One embodiment of the invention relates to a hose coupling system that includes a housing, a valve plug, and a locking mechanism. The housing has an inlet and an outlet, and a flow path between the inlet and the outlet. The valve plug is positioned within the housing along the flow path, and is rotatable between a closed orientation and an opened orientation. The closed orientation blocks the flow path and the opened orientation unblocks the flow path. The locking mechanism is designed to releasably fasten an instrument to the housing, where the locking mechanism is adjustable between a locked position and an unlocked position. The locking mechanism and the valve plug are coupled such that adjusting the locking mechanism to the unlocked position rotates the valve plug to the closed orientation.

Another embodiment of the invention relates to a hose coupling system that includes a housing, a valve plug, and a locking mechanism. The housing has an inlet and an outlet, and a flow path between the inlet and the outlet. The inlet includes a garden hose connector. The valve plug is positioned within the housing along the flow path, and is rotatable between a closed configuration blocking the flow path and an opened configuration unblocking the flow path. The locking mechanism releasably fastens a sprayer to the housing, where the locking mechanism is rotatable between a locked position fastening the sprayer to the housing and an unlocked position releasing the sprayer. Rotation of the locking mechanism rotates the valve plug.

Yet another embodiment of the invention relates to a sprayer system for a booster pump for a garden hose.
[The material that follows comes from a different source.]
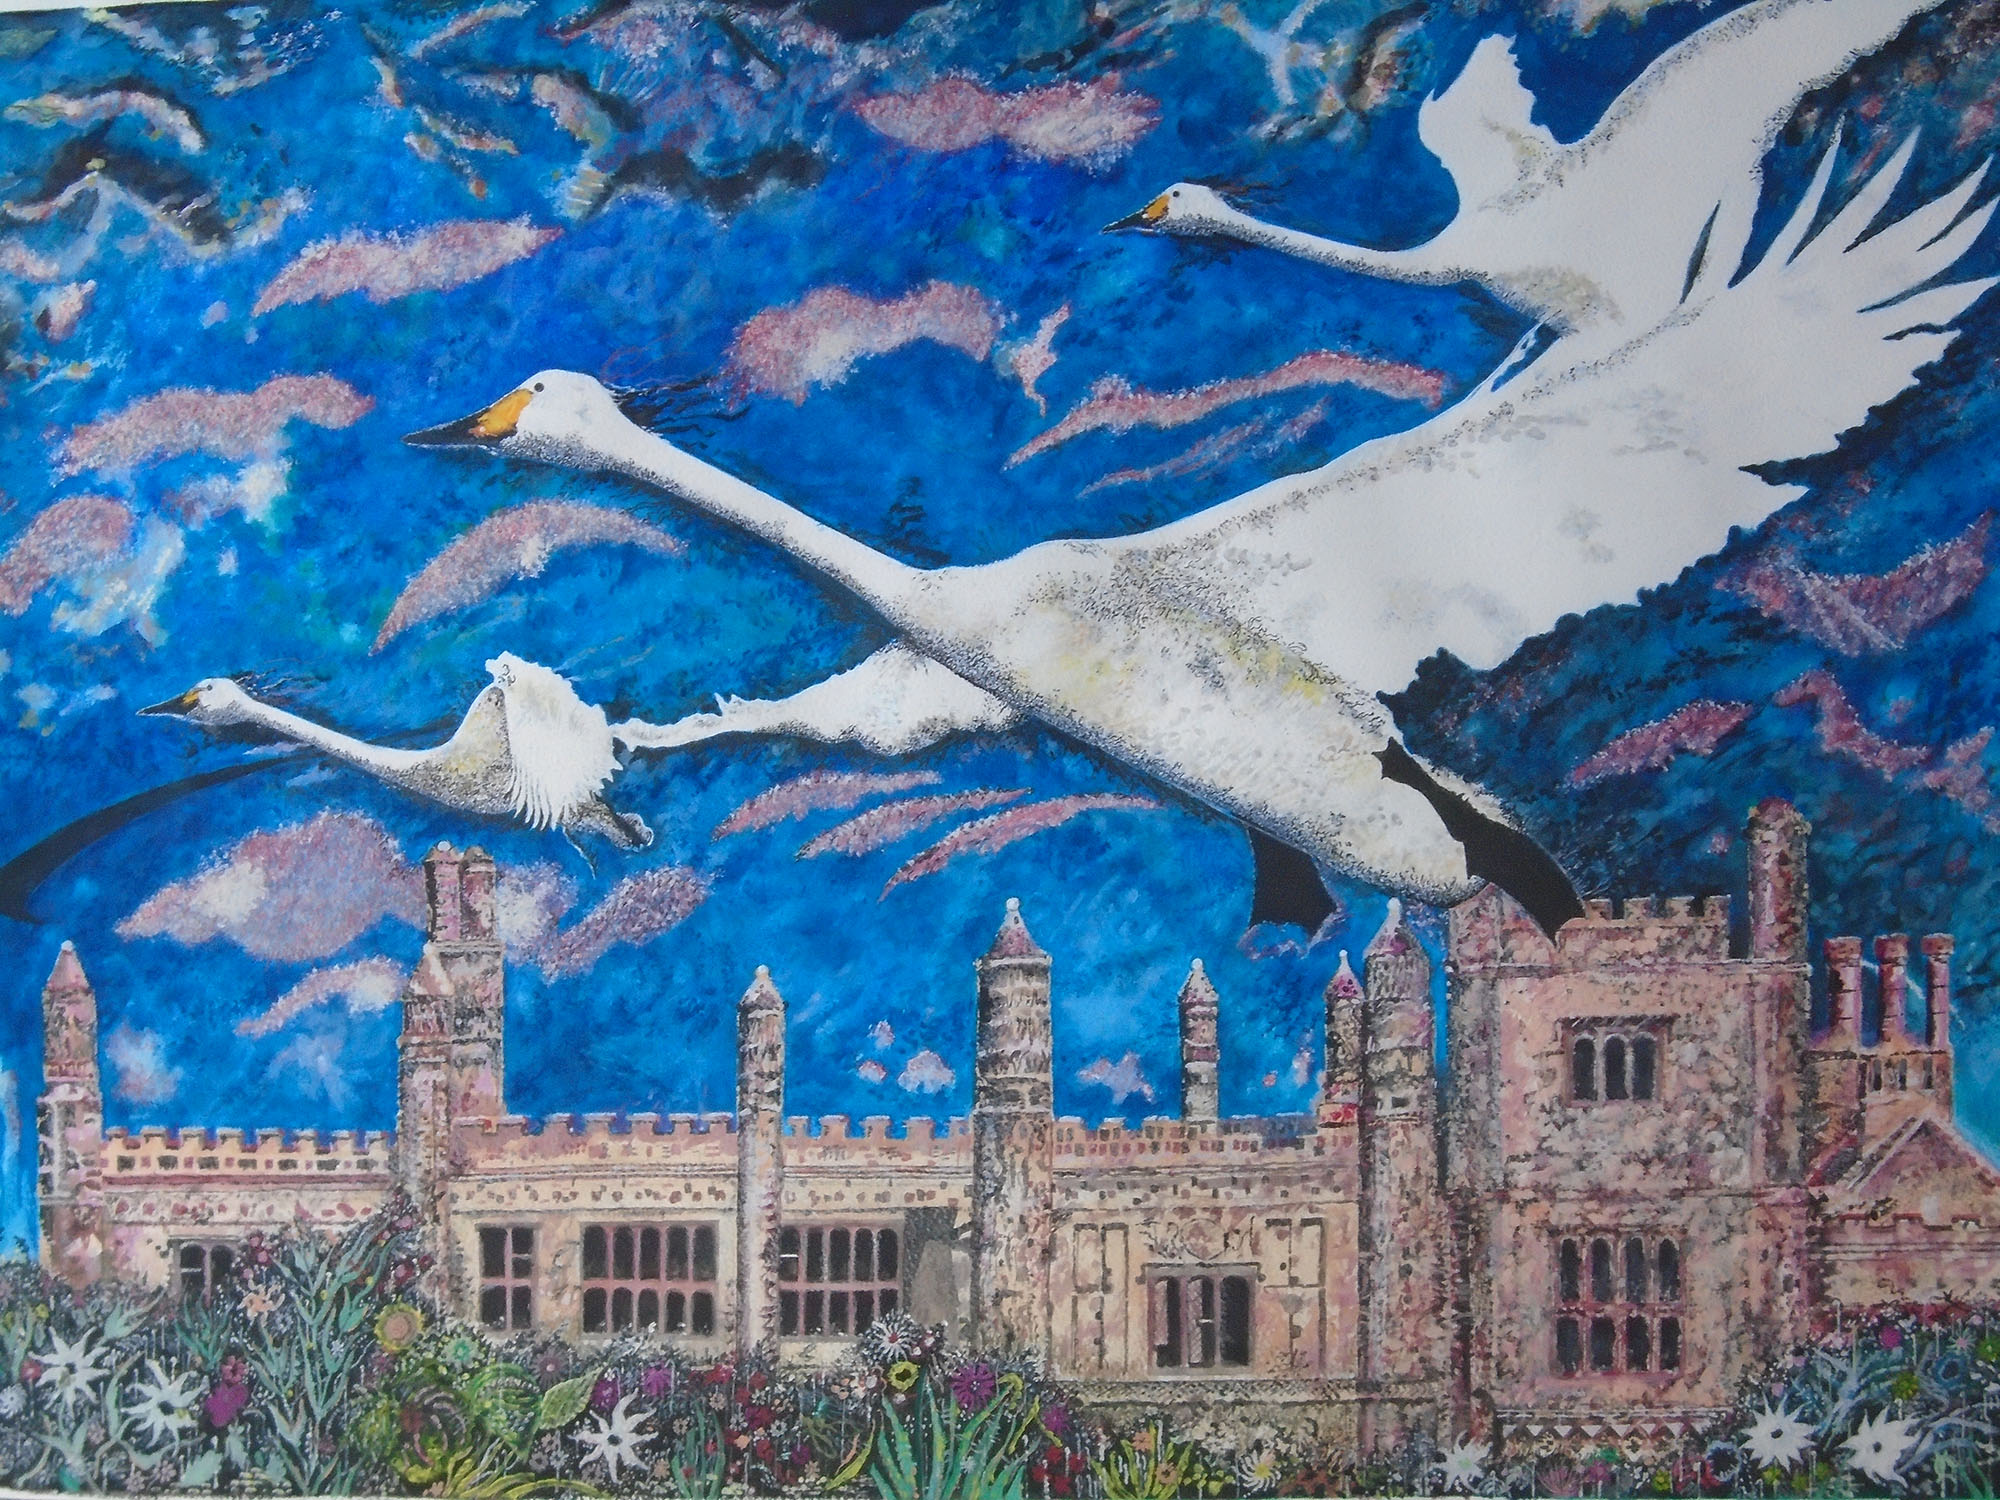 Barrie Morris original painting of East Barsham Manor

The sprayer system includes a water sprayer, a housing, a locking mechanism, and a valve. The water sprayer has an inlet, an outlet, a handle, and a trigger. The housing has a garden hose connector and a port for the inlet of the water sprayer. The locking mechanism is adjustable between a locked position, fastening the inlet to the housing, and an unlocked position, releasing the inlet from the housing. The valve includes a valve plug positioned within the housing and rotatable between a closed configuration, which blocks water from flowing through the valve, and an opened configuration, which allows water to flow through the valve. Adjustment of the locking mechanism rotates the valve plug.

Alternative exemplary embodiments relate to other features and combinations of features as may be generally recited in the claims.
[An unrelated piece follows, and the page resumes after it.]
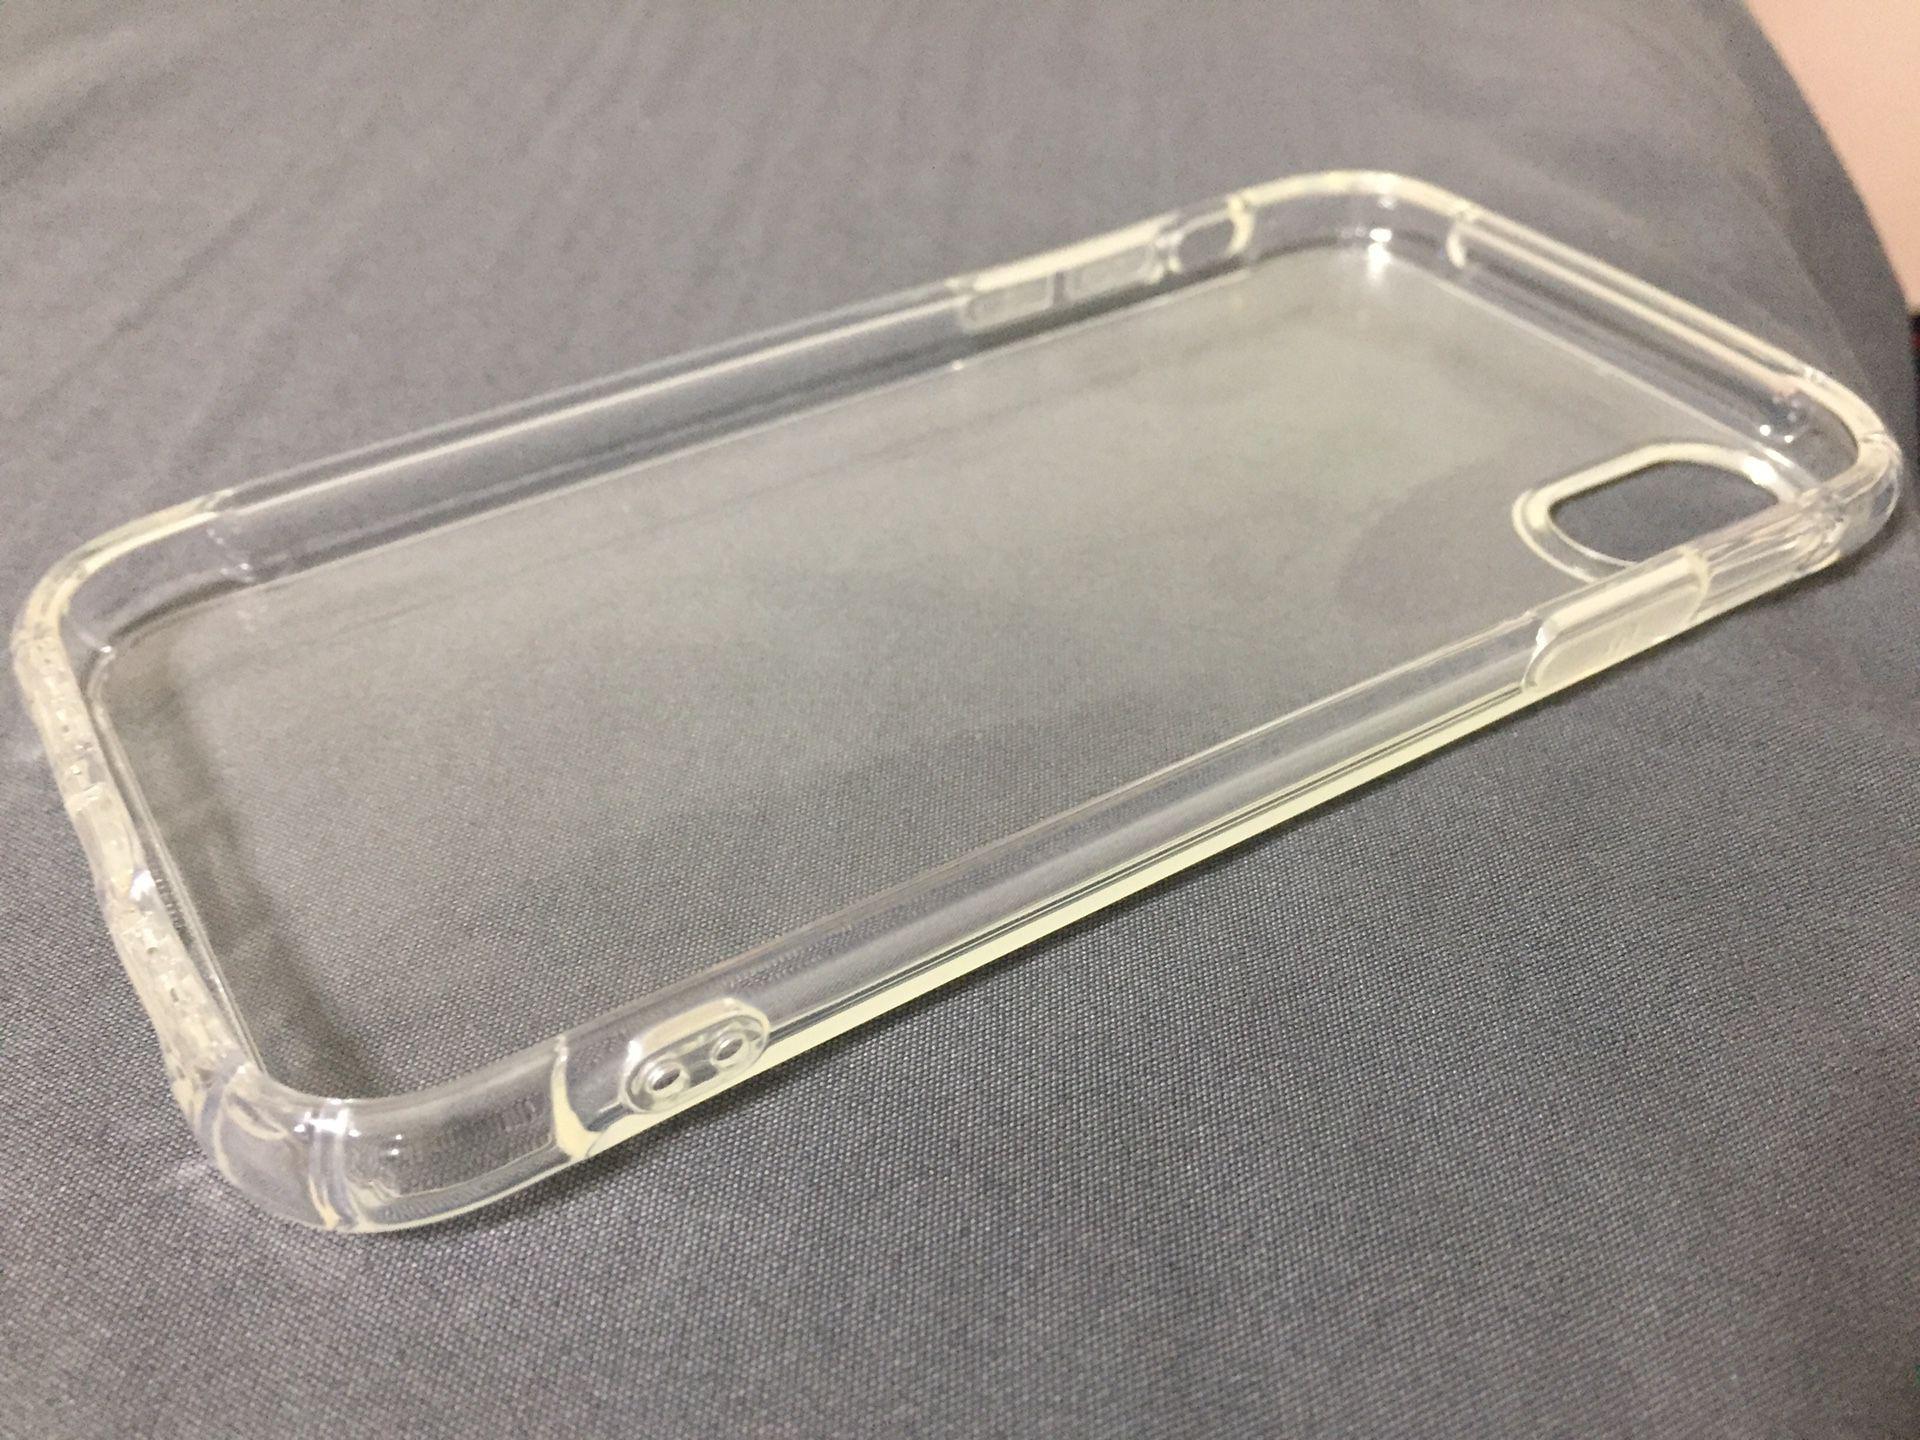 iPhone X /XS Max case

BRIEF DESCRIPTION OF THE FIGURES

The disclosure will become more fully understood from the following detailed description, taken in conjunction with the accompanying figures, wherein like reference numerals refer to like elements, in which:

FIG. 1 is a perspective view of a booster pump system for a garden hose according to an exemplary embodiment of the invention.
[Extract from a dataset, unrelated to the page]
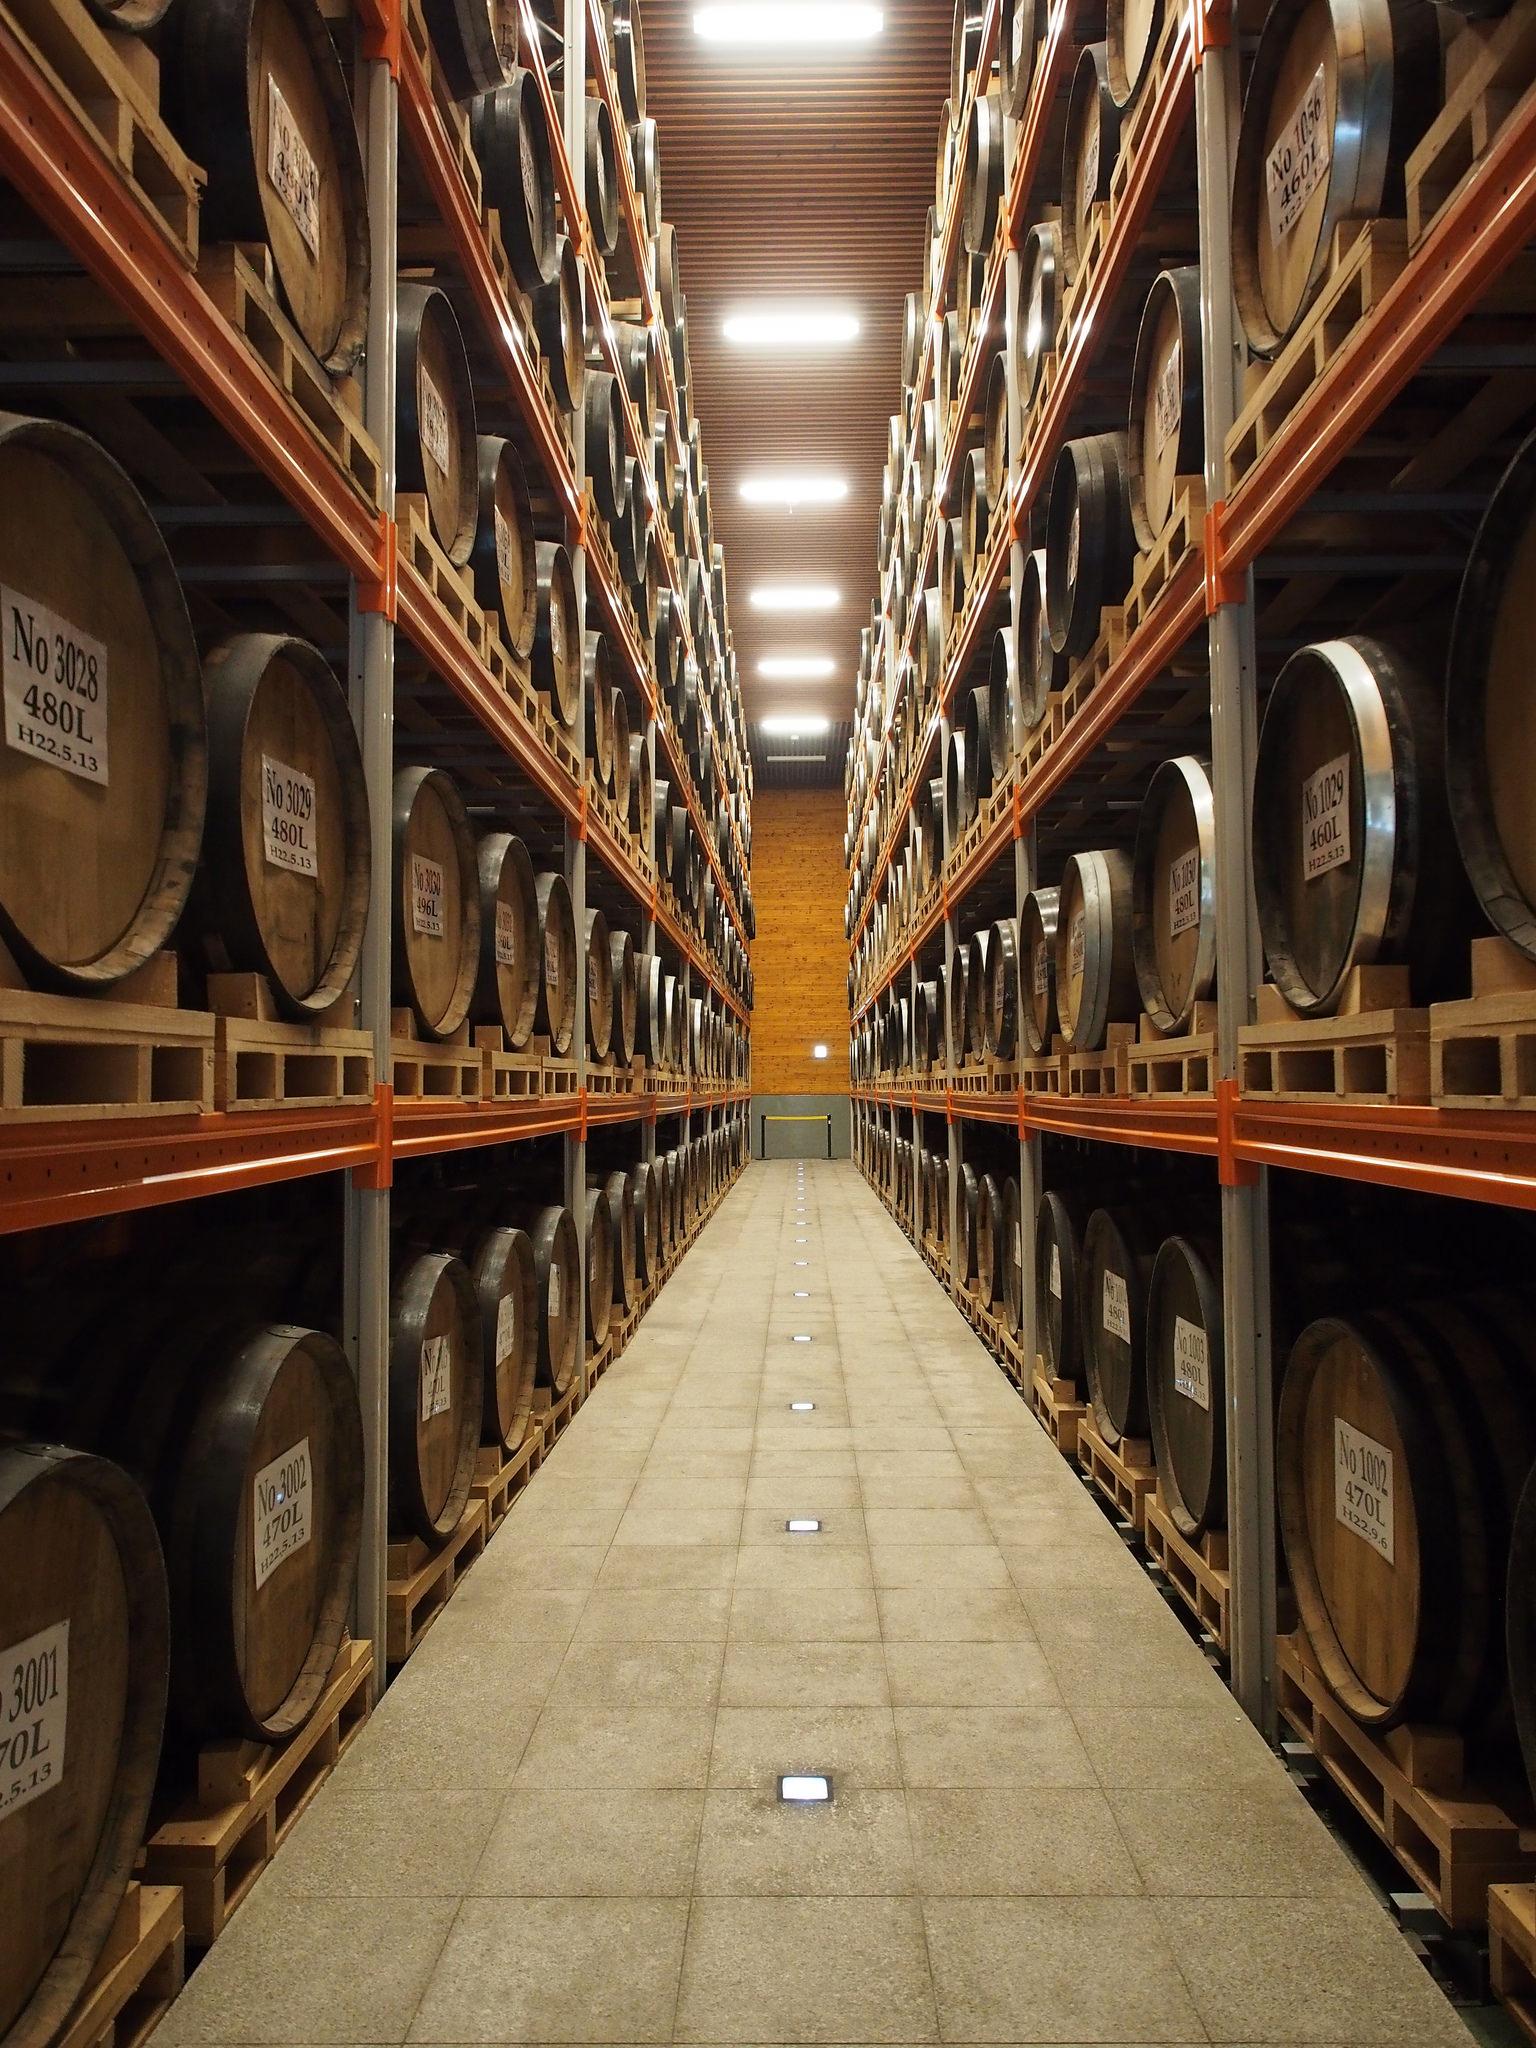 Shochu aged in oak barrels result in a different flavor profile. ©TOKI

FIG. 2 is a schematic view of the booster pump system of FIG. 1.

FIG. 3 is a perspective view of a sprayer connected to a hose coupling according to an exemplary embodiment of the invention.

FIG. 4 is a cut-away perspective view of the sprayer and hose coupling of FIG. 3.

FIG. 5 is an exploded view of a hose coupling according to another exemplary embodiment of the invention.

FIG. 6 is a side elevation view of a hose coupling according to yet another exemplary embodiment of the invention.

FIG. 7 is a front elevation view of the hose coupling of FIG. 6.

FIG. 8 is a sectional view of a hose coupling according to still another embodiment of the invention.

FIG. 9 is a sectional view of the hose coupling of FIG. 8.

FIG. 10 is a sectional view of a locking mechanism according to an exemplary embodiment of the invention.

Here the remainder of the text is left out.